Understandably for an accomplishment that took three years of hard work, the National Automated Clearing House Association celebrated last month with some fanfare the adoption of a rule for using its network to collect returned checks.

It made a lot of sense to streamline that troublesome process electronically. It made so much sense that some 2,500 merchants began using the ACH network for bad checks even before getting the protections and warrants that Nacha rules afford.

The bad news was that the process took three years-long enough to expose a lot of shortcomings in the banking industry's stewardship of the payment systems.

Even with the "top of mind" attention that the automated clearing house and other funds transfer mechanisms are getting from high-level organizations like the Banking Industry Technology Secretariat, banking is still fragmented on the operational level.

Some frustrated executives are speaking out about the "silo mentality" that works against a more unified approach to payment system policy.

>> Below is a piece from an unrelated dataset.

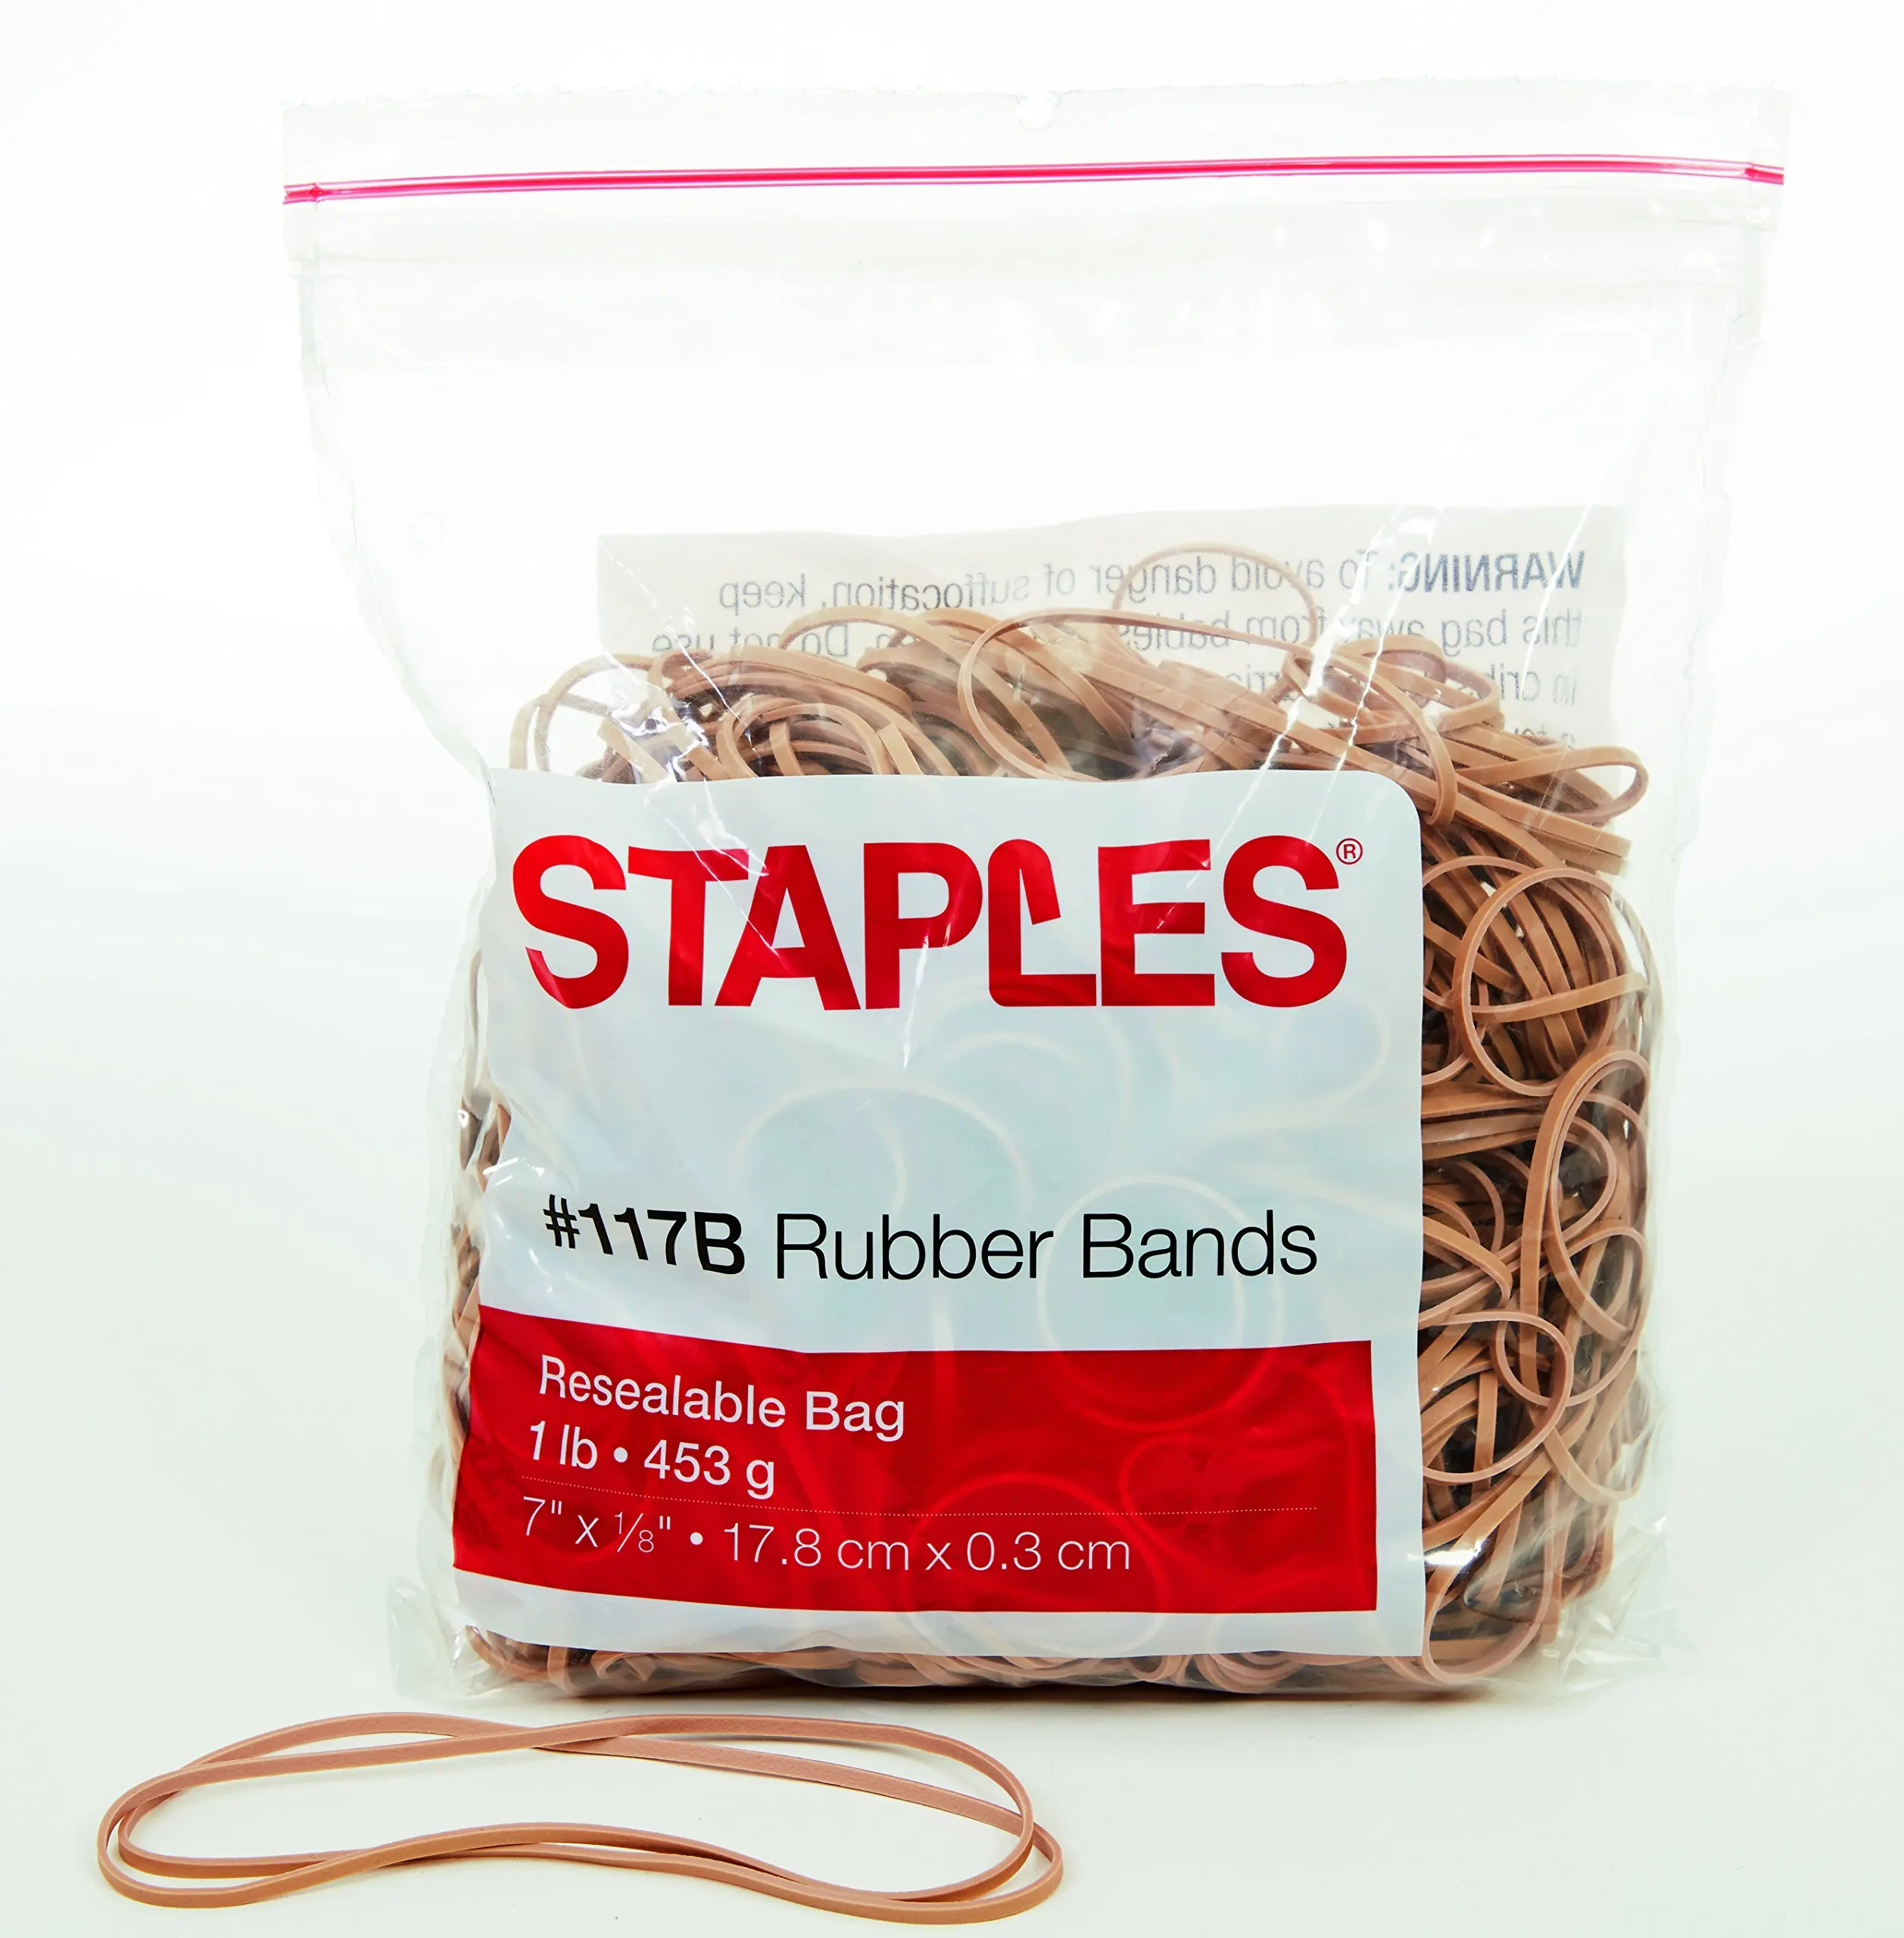 size 37 rubber bands
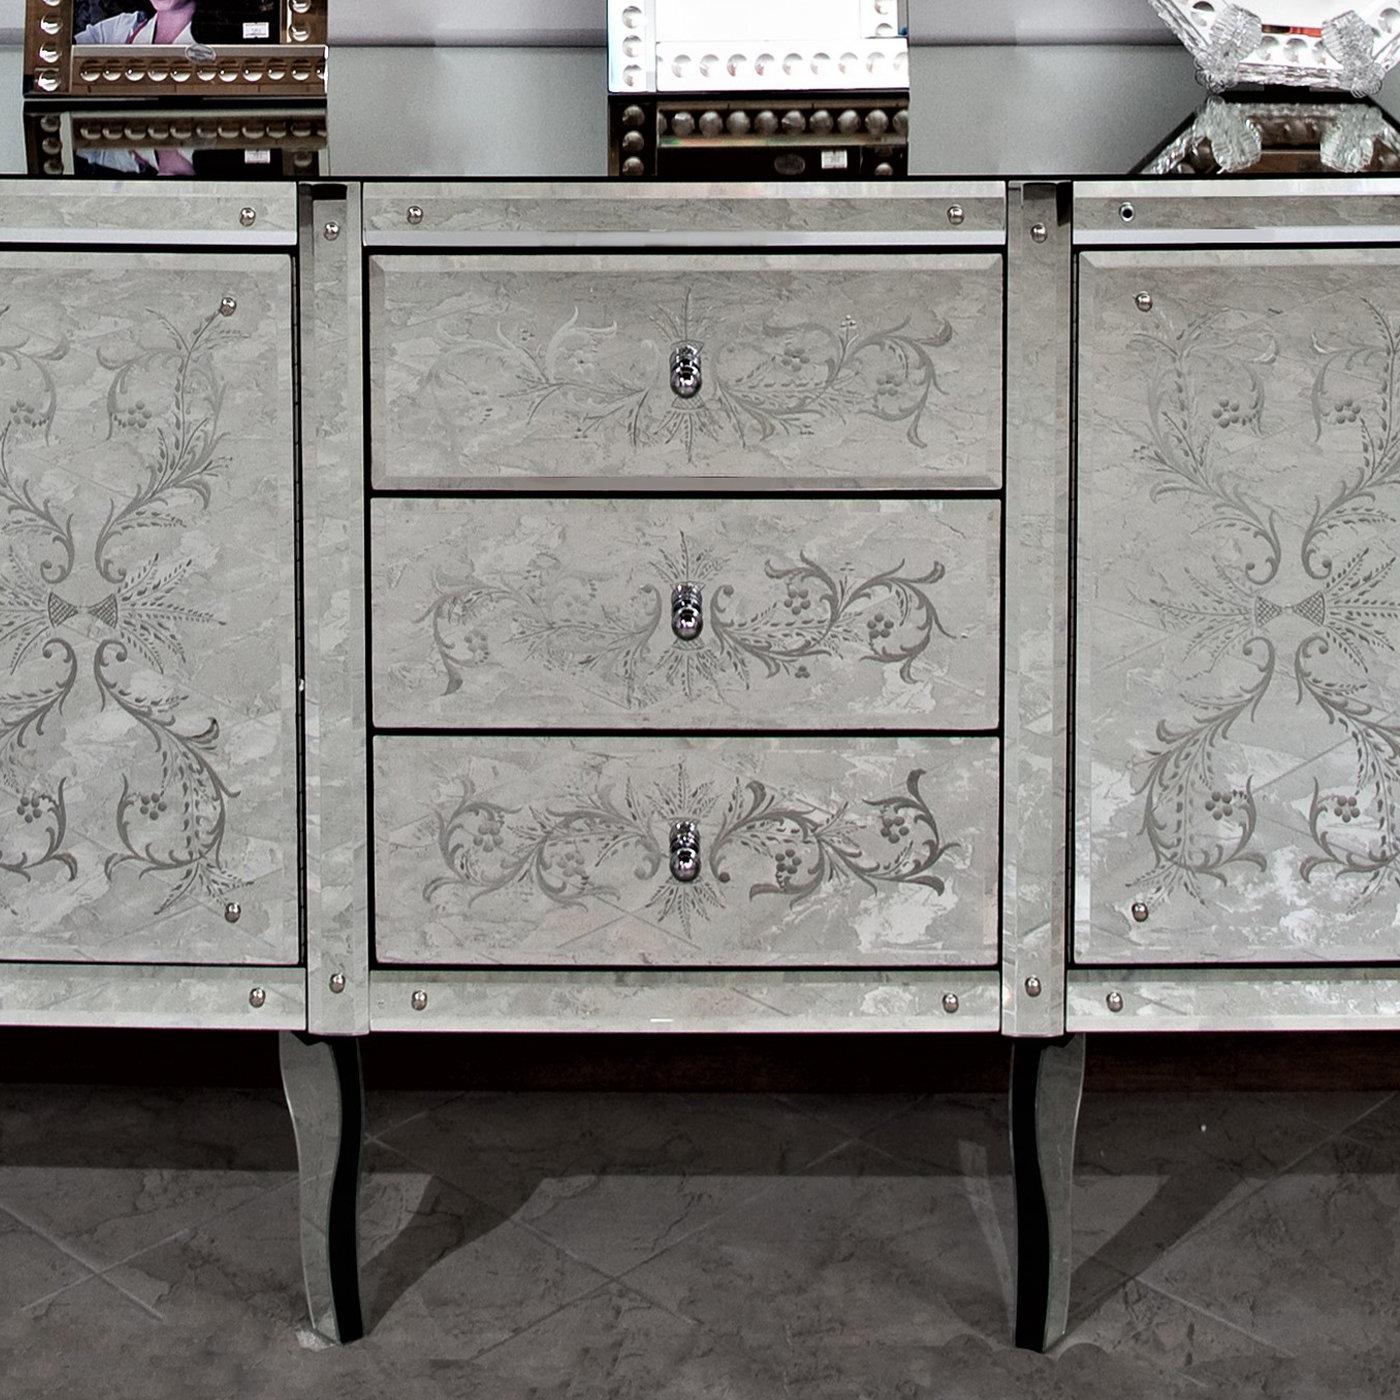 A magnificent showcase of luxe craftsmanship of Venetian style, this extraordinary sideboard will take center stage in any elegant modern interior, imbuing it with a dramatic flair. Superbly handcrafted of Murano glass following traditional

They say consistency and unification will be essential if the banking industry is to retain its central clearing role as Internet commerce takes off.

"Efforts on the proposal to create a returned check capability were less than heartening," said Lori Hricik, senior vice president, Chase Manhattan Corp.

She said it would be embarrassing to point to the Nacha rulemaking as cause for saying, "We've got our act together."

Thomas W. Kuder, executive vice president of Trisense Software Ltd., a Minneapolis company that sells bill payment software to banks, said he has experienced the "silo" problem firsthand.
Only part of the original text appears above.